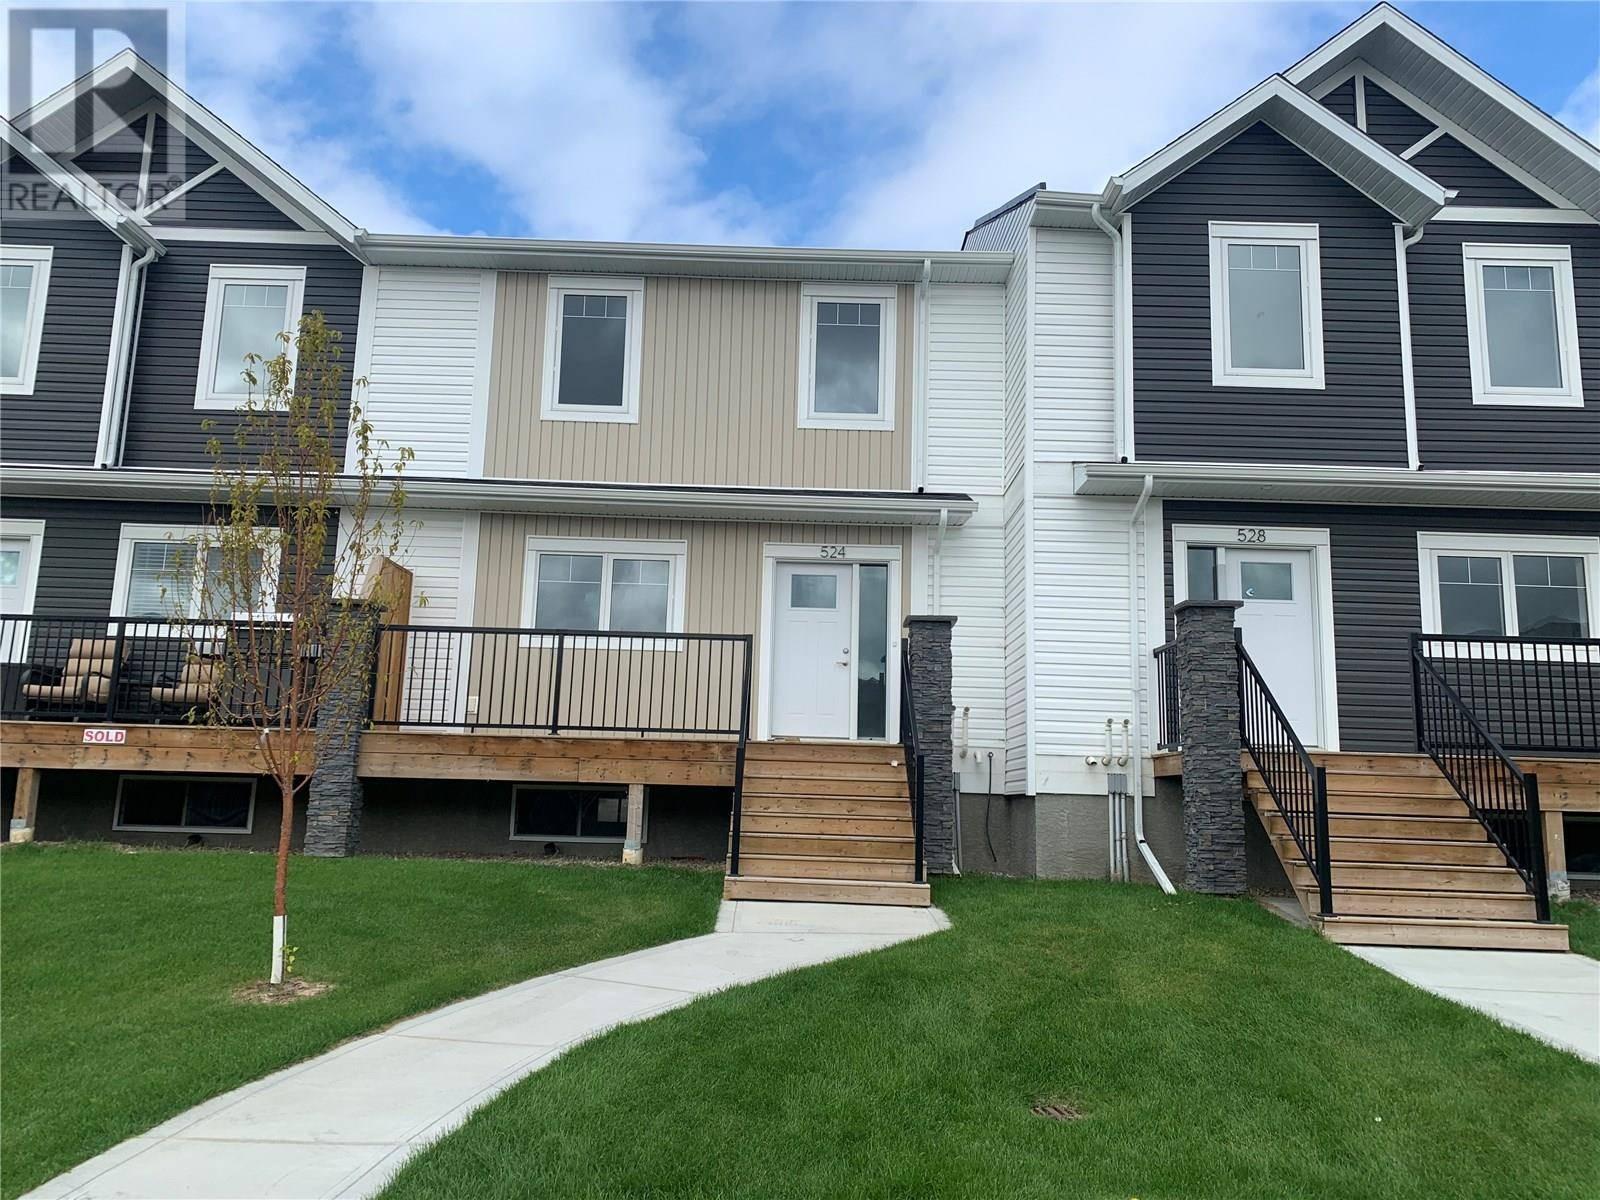 Townhouse for sale at 524 Kloppenburg Cres Saskatoon Saskatchewan - MLS: SK786110
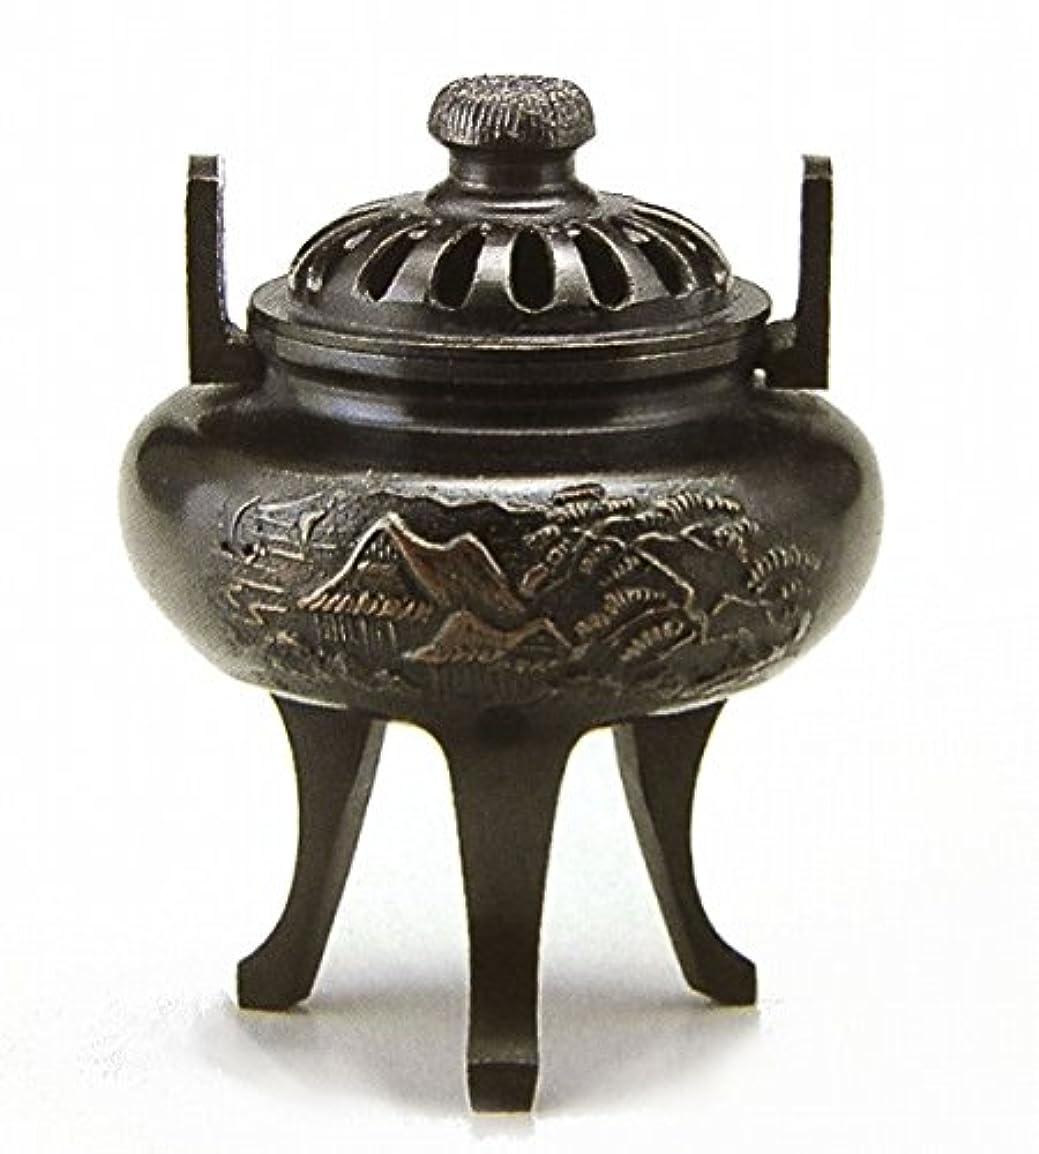 インチ商品衣服『菊蓋山水香炉』銅製
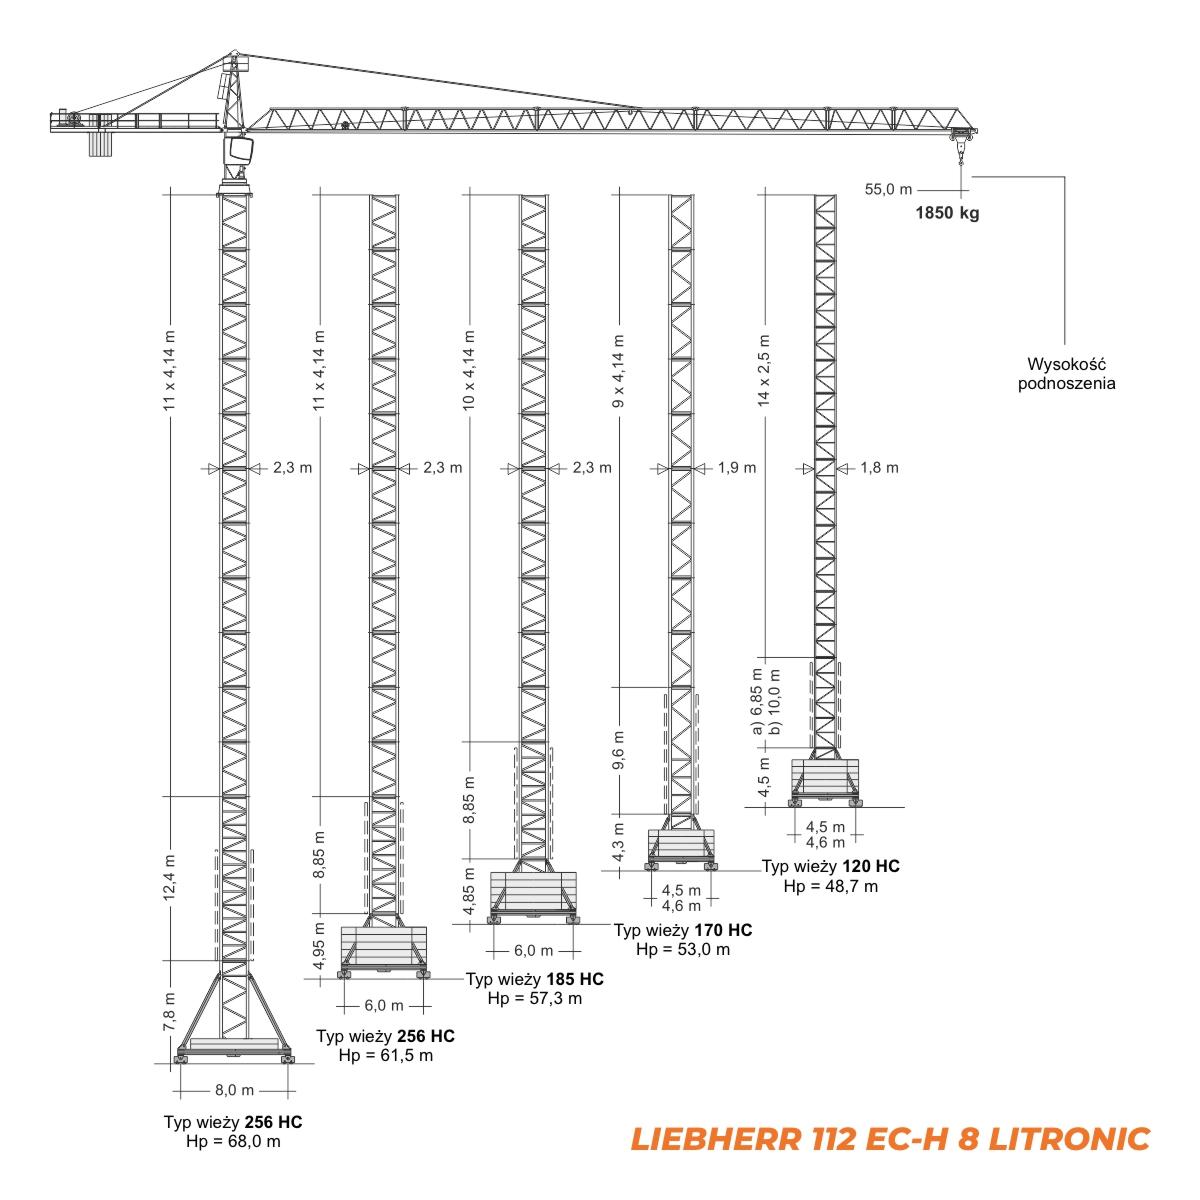 Liebherr 112 EC-H 8 LITRONIC

== == ==

§ **EXERCISE GOAL**
Could you transcribe the material above exactly, keeping every picture out?

§ **PROBLEM SOLUTION**
 Townhouse for sale at 524 Kloppenburg Cres Saskatoon Saskatchewan - MLS: SK786110
 インチ商品衣服『菊蓋山水香炉』銅製
 Liebherr 112 EC-H 8 LITRONIC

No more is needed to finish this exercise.